Source records:
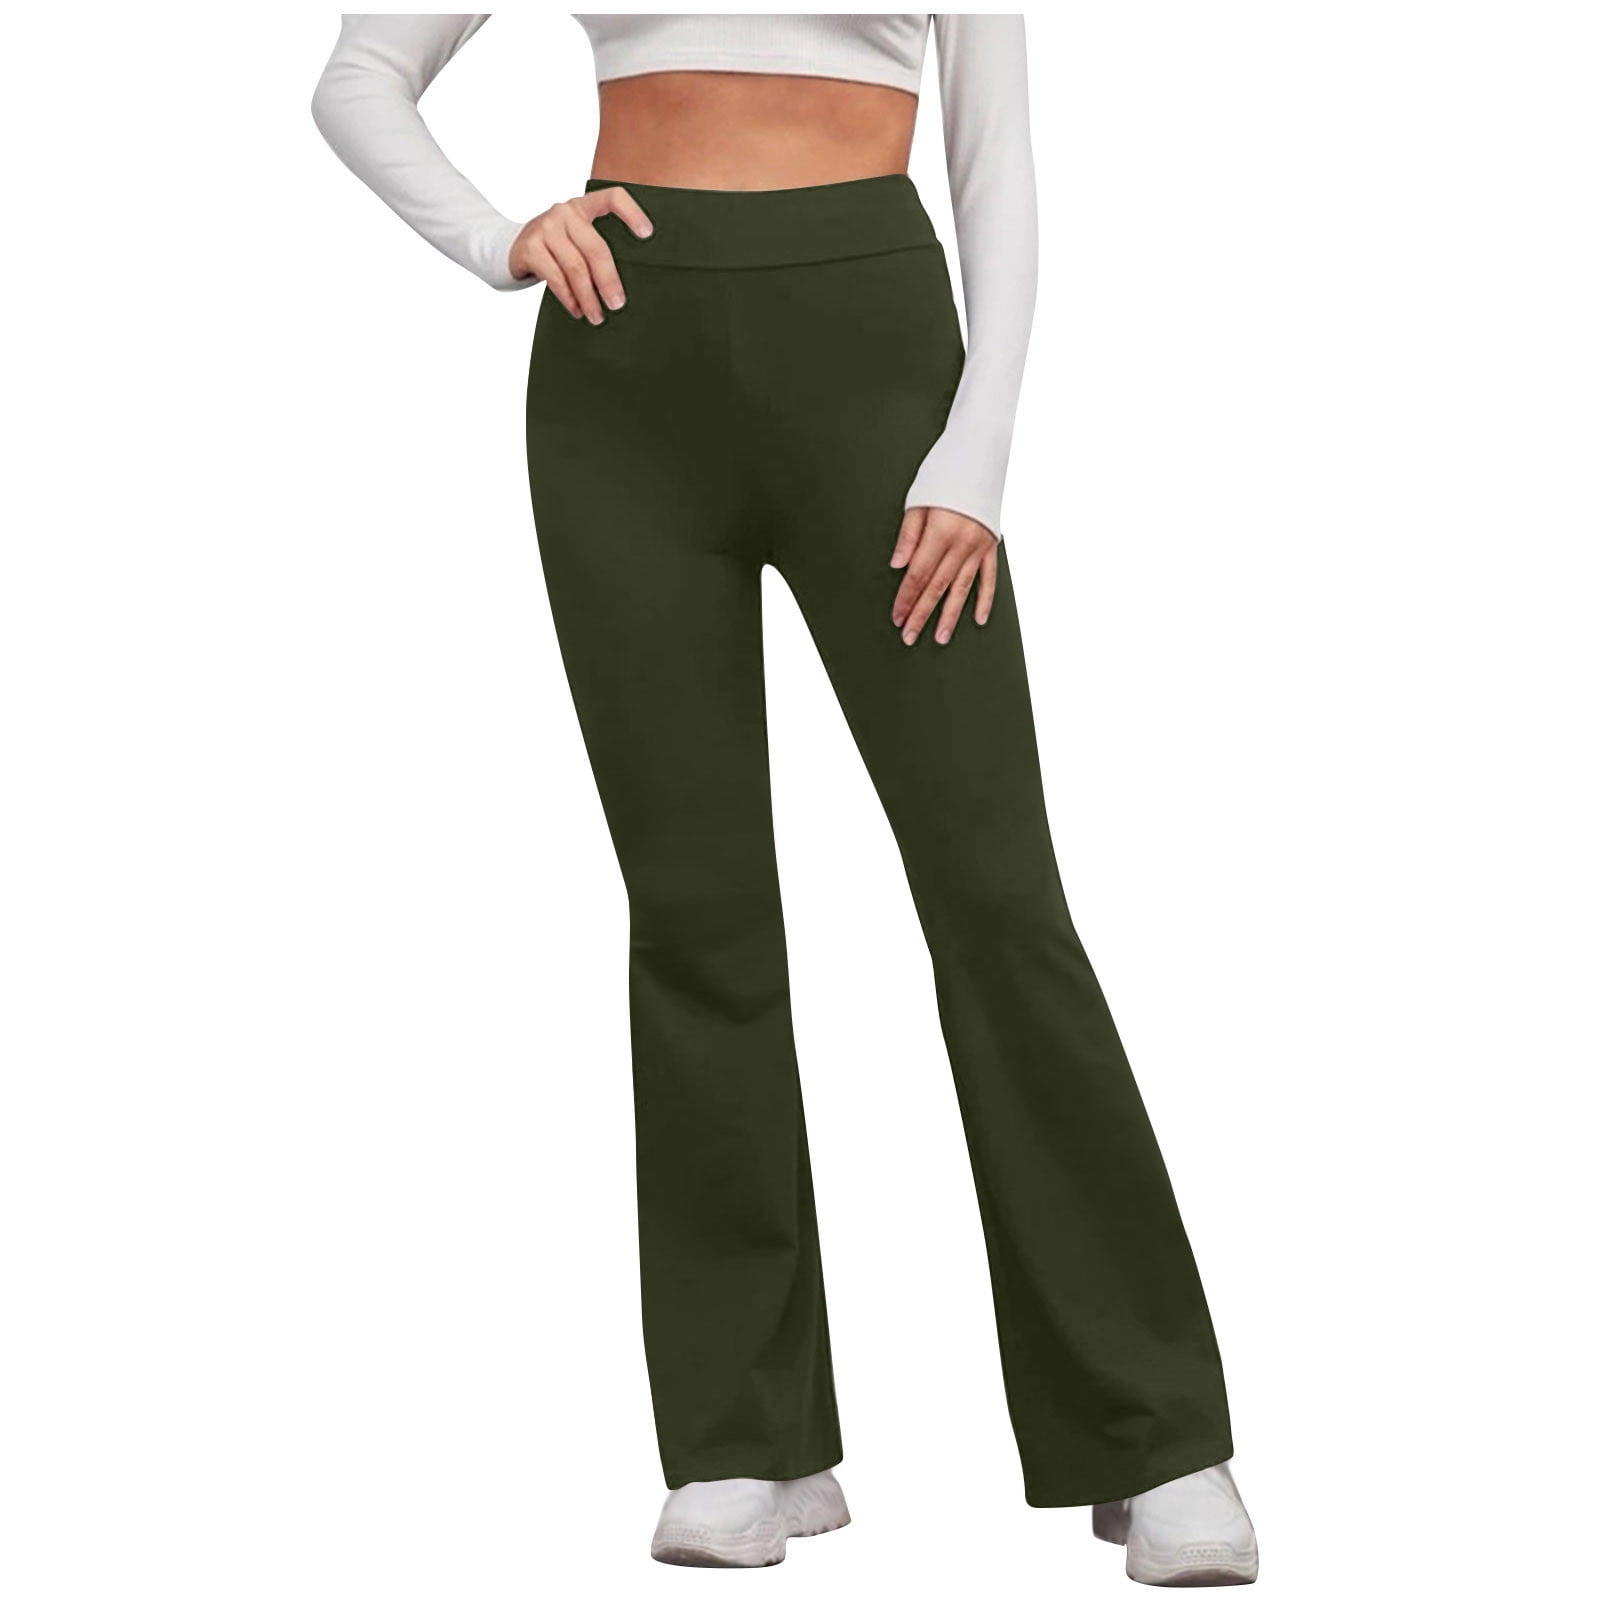 Ersazi Baggy Pants Women'S Fashion High Waist Straight Flare Pants Solid  Casual Loose Yoga Pants In Clearance Army Green Yogalicious Leggings M
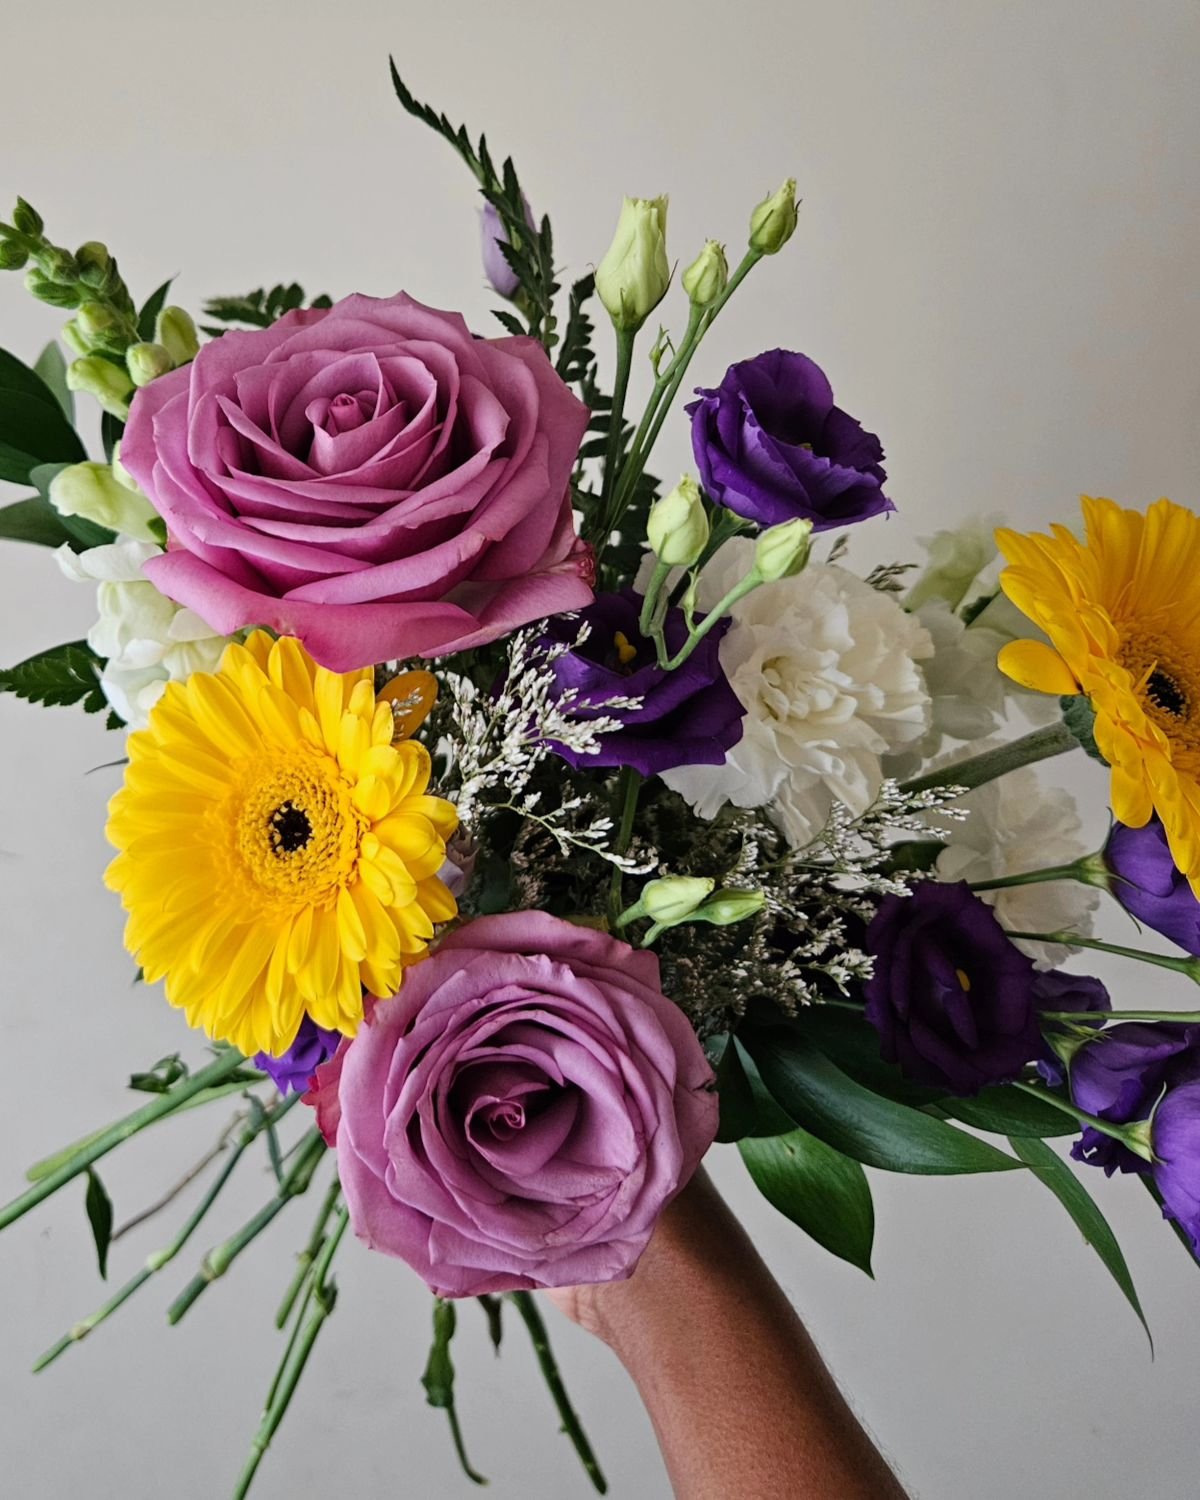 Flower Play: Hand-tied bouquet  with fresh blooms delivered by @bears_blooms 

Ingredients 
Lisianthus
Gerbera daisy
Snapdragon 
Rose
Carnation

#rebelliousstate #rebelliousblooms #torontoflorist #gtaflorist #blackowned #femaleowned #flowerstagram #f

What needs to be done: All records above must be output exactly as they stand, excluding pictures.

Solution:
 Ersazi Baggy Pants Women'S Fashion High Waist Straight Flare Pants Solid  Casual Loose Yoga Pants In Clearance Army Green Yogalicious Leggings M
 Flower Play: Hand-tied bouquet  with fresh blooms delivered by @bears_blooms 

Ingredients 
Lisianthus
Gerbera daisy
Snapdragon 
Rose
Carnation

#rebelliousstate #rebelliousblooms #torontoflorist #gtaflorist #blackowned #femaleowned #flowerstagram #f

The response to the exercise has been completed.